Phyllis Burrows Turnbull, more commonly known in Spain as Miss Fillis, was a professor in Department of Spanish at Bryn Mawr College, and the creator of the “Center for Hispanic Studies” of Bryn Mawr College. Turnbull was romantically linked to Spanish writer Gloria Fuertes, with their relationship lasting 15 years. The two met when Turnbull was Fuertes’ English teacher, and Turnbull would later assist Fuertes in becoming a Fulbright scholar. Their love was such that Fuertes never fully recovered from the blow of her death, mourning her until her own dying days.
This is a very short route, with really only two specific stops. One is inside Madrid and the other is outside. In theory, it can be done via public transportation if you have the time, patience and motivation.
The route starts at Calle de Miguel Ángel in Almagro, Chamberí where the couple meter. It continues to Lavapies, where the Turnbull lived with Gloria Fuertes.
You could drive this but really not worth it given city traffic. The best option is either to take the number 27 bus or line 1 of the metro. The metro requires a bit of a walk either way. As the couple lived in the barrio of Lavapies, it is worth spending time there and exploring it.
After you’ve gotten a good feel of Lavapies and seen some of the places featured on the Ruta de Gloria Fuertes Lavapies, the route continues north to Soto del Real. The town has a population of around 9,000 people and is at an elevation of 921 meters. It is bordered by Manzanares el Real in the west, Miraflores de la Sierra to the east, Rascafría to the north and Colmenar Viejo to the south. It is about a 45-minute drive from Lavapies depending on the route and traffic. The M-607 route avoids the worst of urban driving. The most direct route using public transit is to take the C4 train from the Sol Cercanais station to Colmenar Viejo, and then getting off and picking up the 720 Interurbano bus. Each leg is about 40 minutes. Calle Señorita Phyllis B. Turnbull is a short 5 minute walk from the bus stop.
See in Madrid
Lavapies is a historic ward in the barrio of Embajadores. Starting in the 1970s and accelerating into the 1990s, it became the neighborhood of lesbians in Madrid, the lesbian equivalent of Chueca. Lesbians were attracted to the barrio because, unlike Chueca, it was often much more affordable to live in; this was important as lesbians have historically had less purchasing power in Spain than our gay male counterparts. It is in this barrio that Gloria Fuertes spent her youth and parts of her adult life. It was a place where, because Francoism was not very concerned with female homosexuals, Fuertes could walk hand in hand with her American girlfriend Phyllis Turnbull without attracting undue attention. While Fuertes sometimes lived elsewhere, she often revisited it in her writing in the 1950s, 1960s and 1970s. People in the ward are very proud to claim Fuertes, and often celebrate historic anniversaries related to the author. Guided tours of Lavapies with a focus on the author are offered by various guides.
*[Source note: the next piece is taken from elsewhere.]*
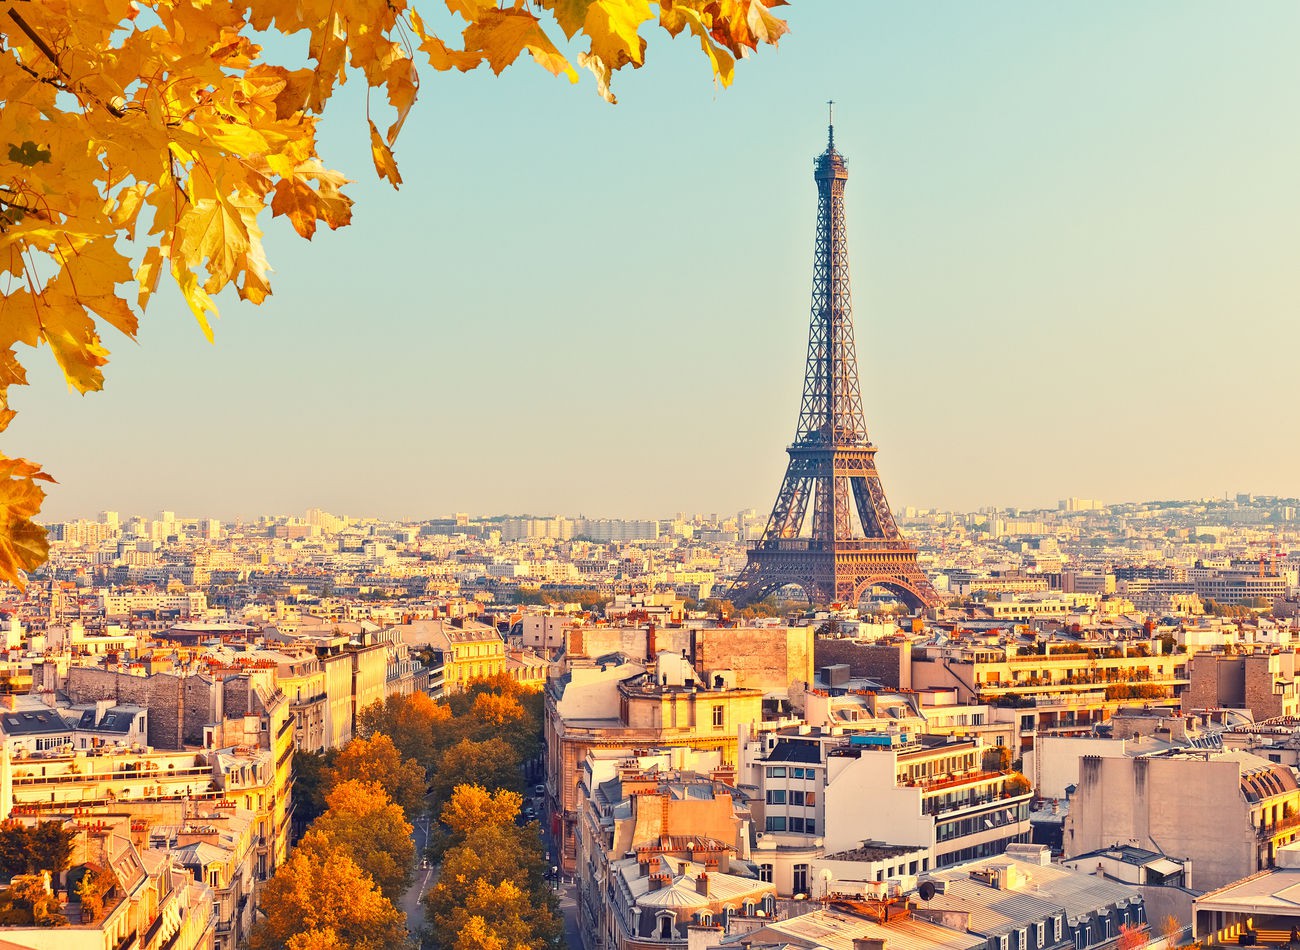 (Fransa / 82.6 milyon ziyaretçi) Her yıl dünyanın dört bir yanındaki milyonlarca insan, enfes mutfağı, tarihi mekanları ve güzel manzarası için Fransa’yı ziyaret ediyor. Paris, dünyanın en çok ziyaret edilen turistik yerlerinden biri. Paris’te bulunan Eyfel Kulesi en çok gidilen yerken St. Tropez, Chamonix ve Versay Sarayı ziyaretçi sayısı bakımından Eyfel’i takip ediyor.

Instituto Internacional de Madrid was a school in the barrio of Almagro. They finished construction on their Boston building, located on Calle de Miguel Ángel, in 1910; funds were initially raised for its construction in January 1903. The first director was Wellesley graduate Susan Huntington, and the school developed a close relationship with Residencia de Señoritas and the Instituto-Escuela. Among its students was Elena Fortún, who studied library science. Another student was Gloria Fuertes, who enrolled in 1953 to study English and library science. There, in 1955, she met Phyliss Turnbull, one of her English teachers. Their meeting started a 15-year relationship between the two, only ending in 1970, a year before Turnbull’s death in 1971.
See in the Comunidad de Madrid
During the 1960s, Gloria Fuertes and Phyllis Turnbull shared a house in Soto del Real. They had commissioned the house’s construction by Matilde Ucelay, the first Spanish woman architect. Turnbull had introduced Fuertes to the Fulbright Scholarship which allowed the couple to spend three years together in the United States. These years were some of the happiest for both women. When her scholarship ended, the couple returned to Soto del Real. The return though caused a rupture in the couple’s relationship, with periods of separation. Despite these ruptures, they always remained in contact. It was during one of these breaks that Turnbull died of cancer. Fuertes was heartbroken and lost a lot of weight in the year following her death. Following her death, Fuerte’s new philosophy in life was “La vida es una mierda de vaca de la que tenemos que hacer un pastel de manzana” which translates to “Life is cow shit from which we have to make an apple pie.” Fuertes was so depressed that she wrote that she contemplated suicide, “Fui al metro decidida a matarme, pero al ir a sacar el billete ligué, y en vez de tirarme al tren me tiré a la taquillera.” This translates to “I went to the subway determined to kill myself, but when I went to get the ticket I flirted, and instead of jumping on the train I threw myself at the ticket office. “
Calle Señorita Phyllis Turnbull is a street in the municipality named after the American academic and writer Phyllis B. Turnbull. She spent many years in Madrid, and was the long time love of Gloria Fuertes. The street was renamed in her honor in the 1990s.